The personnel folders contain personal reports on undergraduates filed by the instructors at the conclusion of the semester.
In reply to a reporter's question on whether or not he would mention that a graduate was a member of the Young Marxist League, no longer active on the Columbia campus, Dean McKnight said that it would depend upon the individual case.
"We would not cover up any information which we believed to be of significance," he said.
The question posed by loyalty probers according to the Dean is mostly worded in the form, "Do you have any reason to question his loyalty, and if so why?" The Dean did not comment directly on the percentage of favorable loyalty reports to unfavorable ones issued by the Dean's Office but his statement said:
"In most instances the cooperation which we give is distinctly helpful to the job applicants who deserve to have their good records accurately presented."

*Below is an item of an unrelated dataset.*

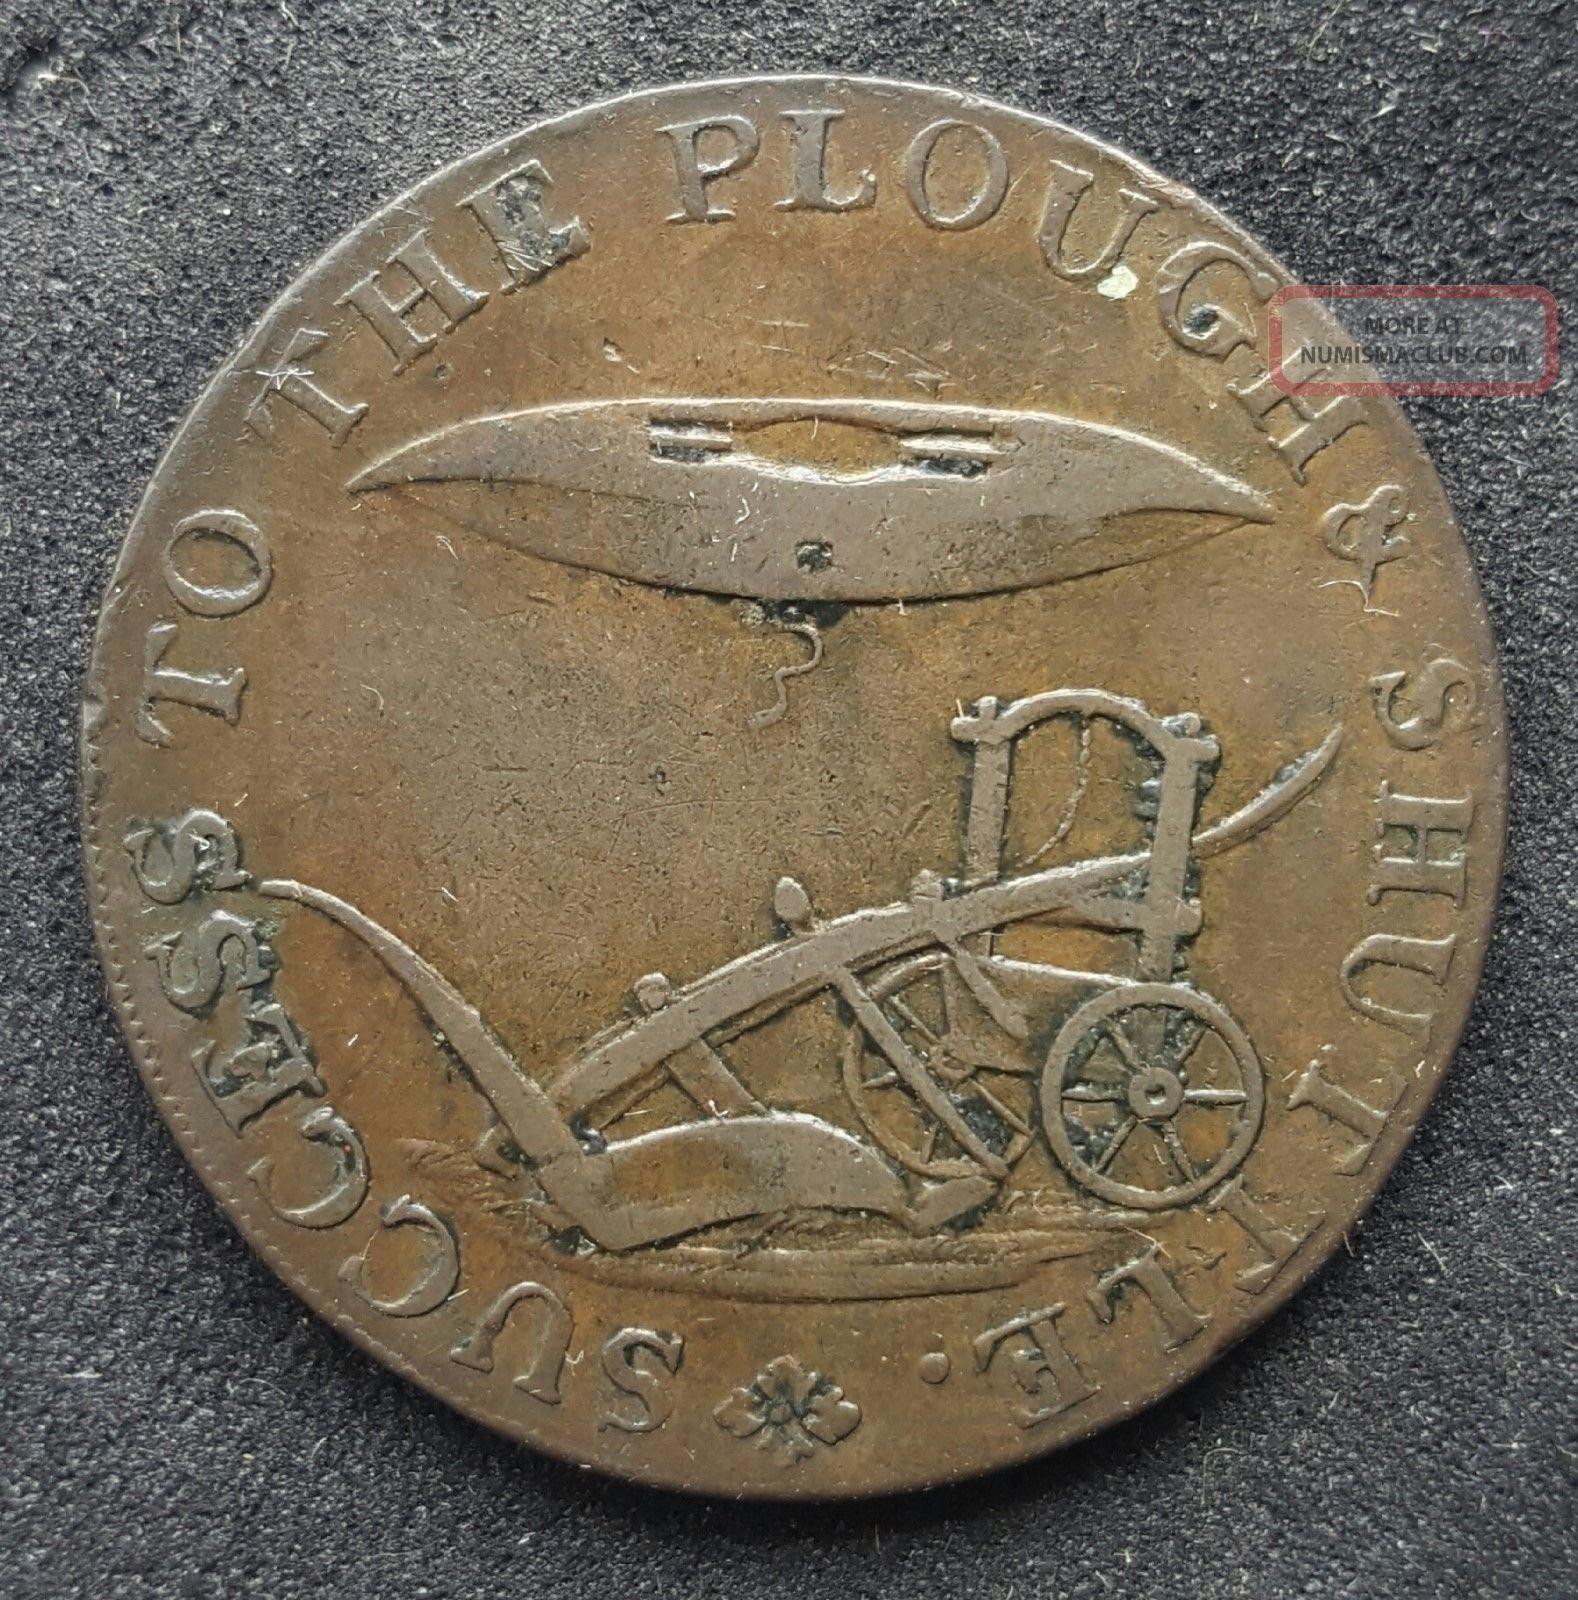 1794 Great Britain Norfolk Norwich Half Penny Conder Token D&h 19 UK (Great Britain) photo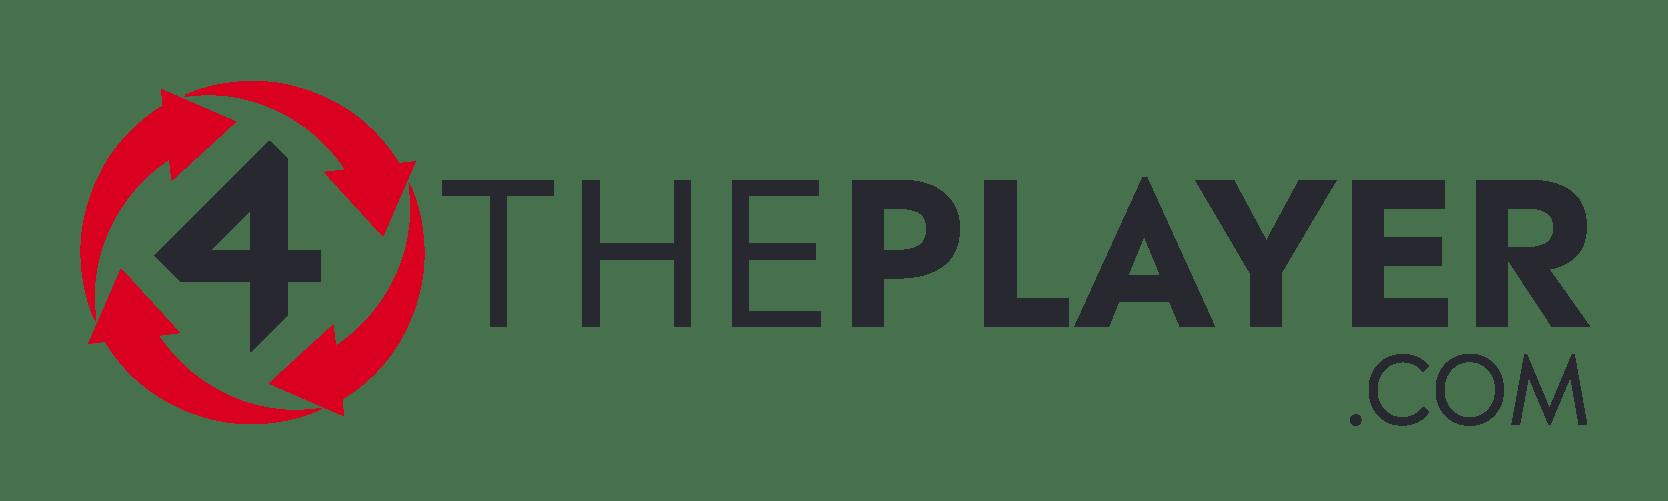 4ThePlayer 游戏

Dean Carl W. Ackerman of the School of Journalism has discontinued his practice of supplying information, charging that these investigations curtail academic freedom in an article in the April 3 issue of the bulletin of the American Society of Newspaper Editors.
Dean McKnight had no comment on Dean Ackerman's allegations on the Congressional probers.
He did however confirm Dean Ackerman's statement that these investigations are large in number. He said also that in addition to the frequent checks for jobs there is a rare investigation to see whether a student is subversive.
As an example of this he mentioned that a month ago the McCarthy Senate investigating committee subpoenaed the records a Columbia College graduate working for the Voice of America. He refused to disclose the name of the graduate.
In such a case, the Dean said however, the office has no choice but to give the full records to the committee.